= Brenda McCowan =

Animal behavior scientist

Brenda McCowan is a research behaviorist interested in evolutionary, biological, and ecological aspects of animal behavior and communication. Her work focuses on improving the health and welfare of domesticated production animals, captive species (zoo, laboratory), and wildlife using applied animal behavior and bioacoustics. She received her BS in Animal Physiology from Cornell University in 1985, and her PhD in Biological Anthropology from Harvard University in 1994. Dr. McCowan is the Program Head of Primate Behavioral Management at California National Primate Research Center, a position she has held since 2004. Dr. McCowan has been on the faculty at the University of California – Davis since 1999, and is currently an Associate Adjunct Professor in the Department of Population Health and Reproduction at the UC Davis School of Veterinary Medicine.
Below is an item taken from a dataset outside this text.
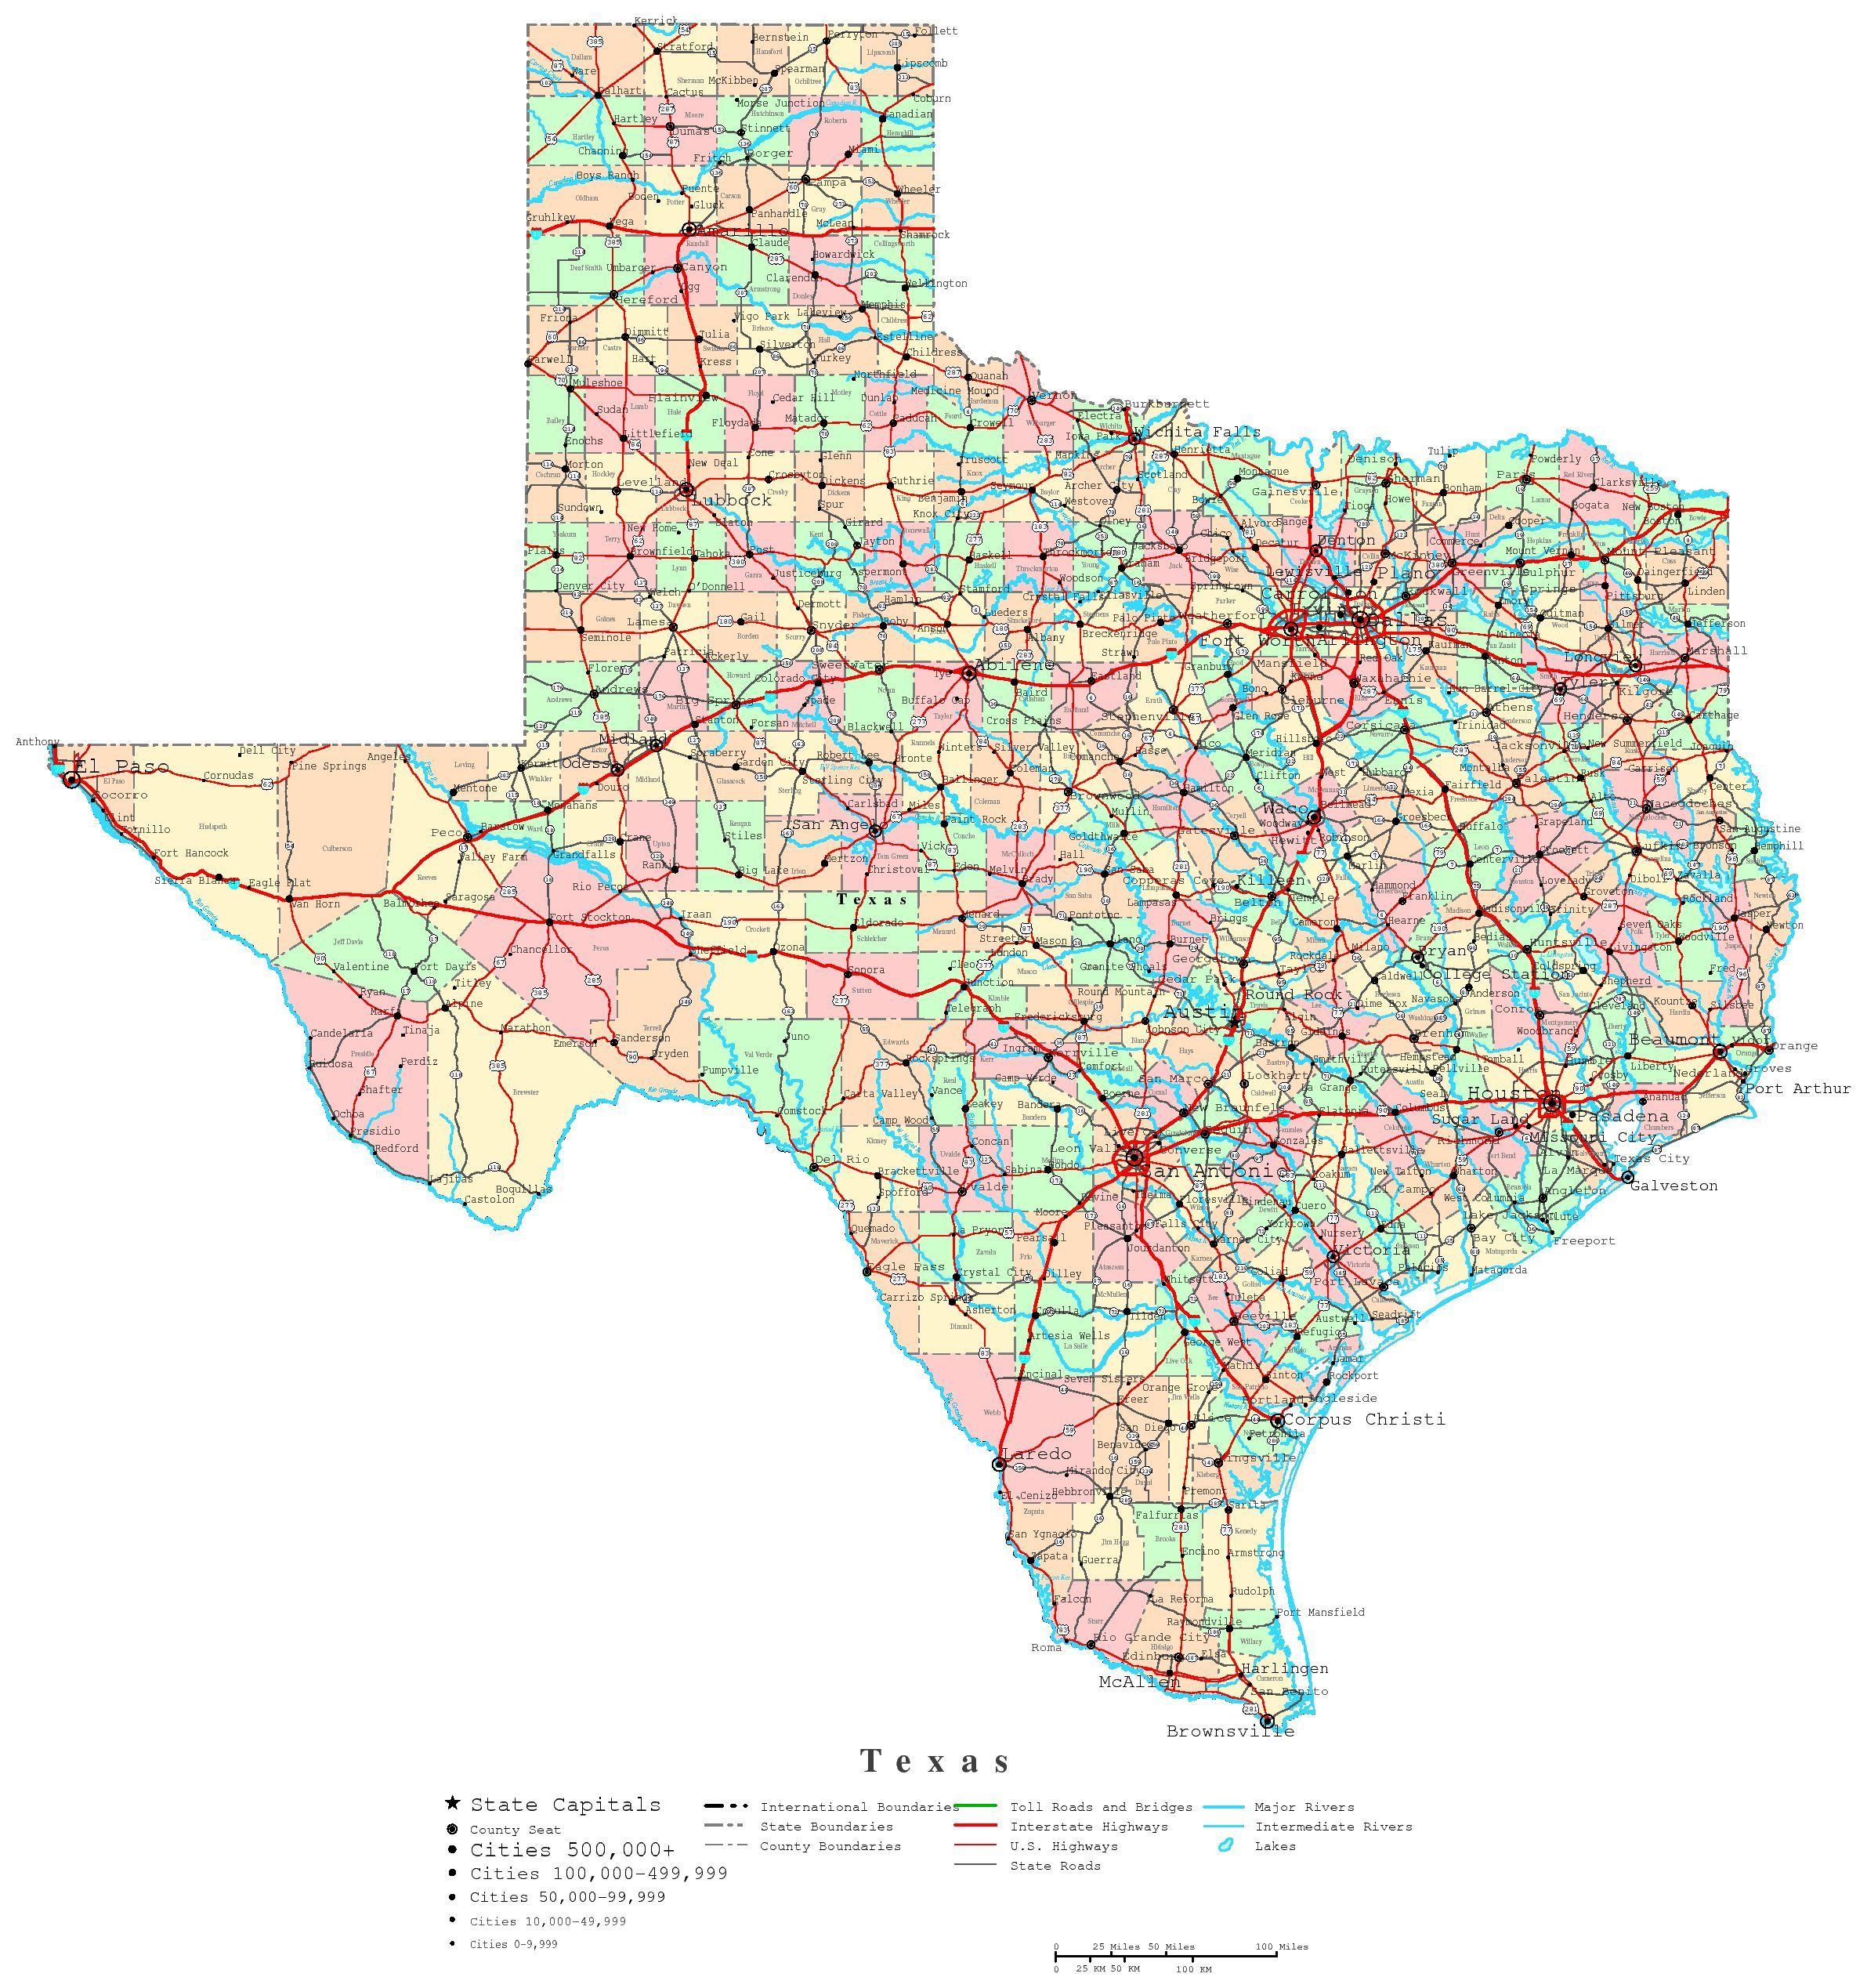 Printable Map Of Texas | Useful Info | Pinterest | Printable Maps - Free Printable State Maps

She also heads the McCowan Lab of Behavioral Management at UC Davis School of Veterinary Medicine, and is affiliated with the SETI Institute, Hubbs-Sea World Institute, and Santa Fe Institute.

== Research Interests ==
=== Animal Welfare ===
==== Primate Behavioral Management ====
As Program Head of Primate Behavioral Management at California National Primate Research Center, McCowan has published numerous studies regarding the behavioral management of primates used for laboratory testing, predominantly rhesus macaques (Macaca mulatta). Many of these studies examine methods for reducing aggression and injury and improving well-being.

==== Poultry Welfare ====
It is a widespread practice in the poultry industry to induce molting in egg-laying chickens, which maximizes both egg production and hen health. However, the effects of induced molting on hen well-being are poorly understood. The most common method for inducing molting is via forced fasting (fast-induced), and there is growing concern that hen well-being is negatively affected by fast-induced molting. A less popular but promising method of induced molting involves feeding of low-caloric density feed (nonfasting-induced). McCowan et al. (2006) examined the behavior of chickens subjected to different induced molting styles and found that cage pecking, aggression, and gakel calling increased in fast-induced chickens. McCowan et al. (2006) concluded that nonfast-induced molting appears to be a more appropriate method, minimizing discomfort during a physiologically stressful time. The data also support gakel vocalization as an indicator of stress/discomfort in chickens, which are notoriously stoic and therefore have been hard to assess for well-being, historically.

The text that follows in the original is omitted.